Политика «божественного мальчика», завоевавшего при опоре на верные ему легионы высшую магистратуру государства и очевидное полновластье в Риме, ввергла в полное отчаяние главного идейного защитника доцезаревской республики Марка Туллия Цицерона. Он окончательно осознал совершенный крах всех своих надежд на спасение традиционной многовековой формы римской государственности. На его глазах Рим бесповоротно вступал в эпоху «утраченной республики» («res publica amissa»), грозившую полным забвением «mos maiorum» – нравов, завещанных предками
[369]. Обо всём этом он скорбел ещё при жизни Цезаря, но мартовские иды подарили ему великую надежду на возрождение столь любезной его сердцу и уму сенатской республики во главе с оптиматами – Цицерон ведь искренне считал её благом для Рима и римского народа. И вот – всё. Конец. Старик заметался. Ещё недавно он писал Бруту, что надеется сохранить своё влияние на Октавиана, как бы этому иные люди не противились, теперь же, когда политика юного консула проявила себя во всей своей ужасной для славного оратора красе, он был готов даже отречься от авторства своих «Филиппик». Это было отчаяние, граничащее с безумием, ибо толпы римлян внимали ещё совсем недавно его речам на форуме, когда Цицерон последний раз блистал своим несравненным красноречием. В Риме ему отныне делать было нечего, и он удалился в свои поместья. Но все они находились не слишком далеко от столицы, были хорошо всем известны и ни малейшей безопасности Цицерону не гарантировали. Сближение молодого Цезаря с уже объединившимися Антонием и Лепидом уже произошло, официальное его оформление было лишь делом времени. Ясно, что такой союз сулил их политическим противникам.
Самому Октавиану до заключения союза с Антонием и Лепидом довелось испытать жестокий удар судьбы, омрачивший ему торжество обретения консульства и власти в Риме. Внезапно скончалась его мать Атия. Ей было всего сорок три года. Отца Октавиан потерял в четыре года и едва ли мог помнить. Но мать была всегда рядом с ним, отдала все силы для достойного воспитания любимого сына. Да, она поначалу не одобряла его намерения вступить в борьбу за наследство великого диктатора. Трудно было ведь поверить в его грядущий успех! Но, увидев решимость сына, оценив разумность его первых действий, она горячо поддержала Октавиана, что, конечно же, его духовно подкрепило. Ведь был он не только горячо любимым, но и горячо любящим сыном. И вот такая потеря…

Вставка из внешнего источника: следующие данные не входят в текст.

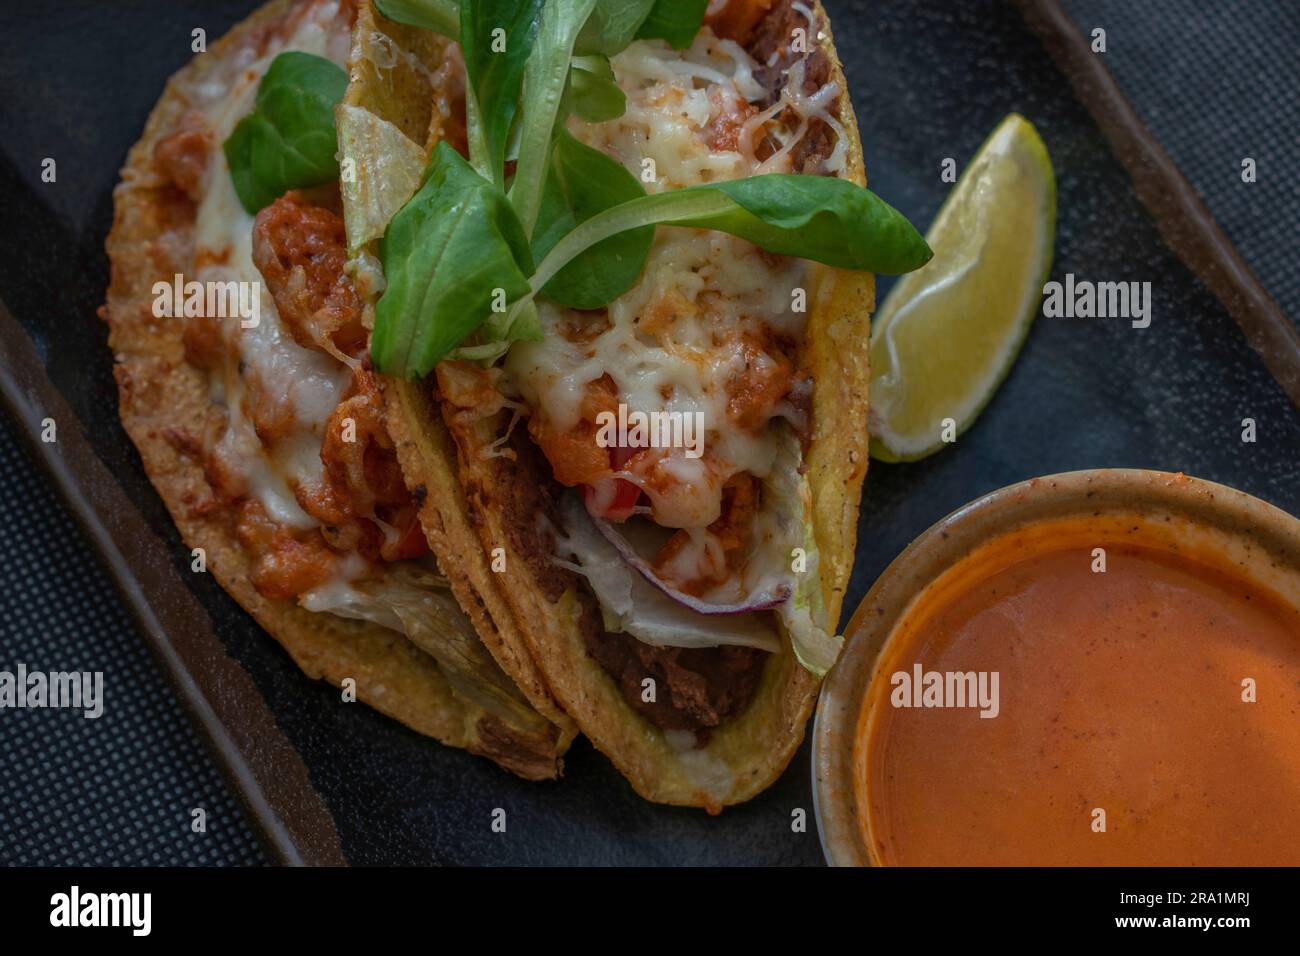 Flavorful Mexican-style tacos featuring succulent shrimp, tomatoes, cheese, chili, and onions, served with a side of hot and tangy Mexican sauce for a Stock Photo

Молодой Цезарь достойно проводил мать в последний путь. Были устроены и пышные похороны, и игры в её память. Так в Риме традиционно хоронили выдающихся людей.
Октавиан был не первым римлянином, для которого большой успех совпал с великим горем. В далёком 168 г. до н. э. славный Луций Эмилий Павел одного из своих сыновей похоронил накануне своего триумфа в честь окончательной победы над Македонией, другого – сразу после триумфа
[370]… Но тяжкое горе не сломило его дух. Справился с жестоким ударом и наследник Цезаря.
Первые месяцы осени прошли в переговорах с Антонием и Лепидом. В ноябре настало время их личной встречи с Октавианом, предназначенной не просто для заключения союза, но и решающей дальнейшую судьбу всей великой Римской державы.
Встреча трёх, прямо скажем, соискателей высшей власти в Римской республике состоялась в ноябре 43 г. до н. э. Каждый из них прибыл к оговоренному месту во главе пяти легионов. Для непосредственной беседы выбрали небольшой островок на реке Лавинии близ Бононии (совр. Болонья в Италии). Вот как описывает их встречу Аппиан: «они направились каждый в сопровождении трехсот человек к мосту через реку. Лепид, пройдя вперед, осмотрел островок и сделал знак плащом, чтобы одновременно идти тому и другому. Они оставили стоять на мостах со своими друзьями триста человек, которых они привели с собой, двинулись к середине островка на обозримое со всех сторон место и все трое сели, причем Цезарь в силу своего звания занял место посередине»
[371].
Октавиан оказался в центре совещания, поскольку был консулом и его избрание таковым и Антоний, и Лепид однозначно признавали законным. Ведь консул Октавиан начал проводить политику, их полностью устраивающую. Встречались потому единомышленники-цезарианцы, «и так начинался союз во имя власти»
[372]. Этими словами Веллей Патеркул называл и былой союз Цезаря, Помпея и Красса, заключённый то ли летом, то ли осенью 60 г. до н. э., то ли в самом начале 59 г. до н. э.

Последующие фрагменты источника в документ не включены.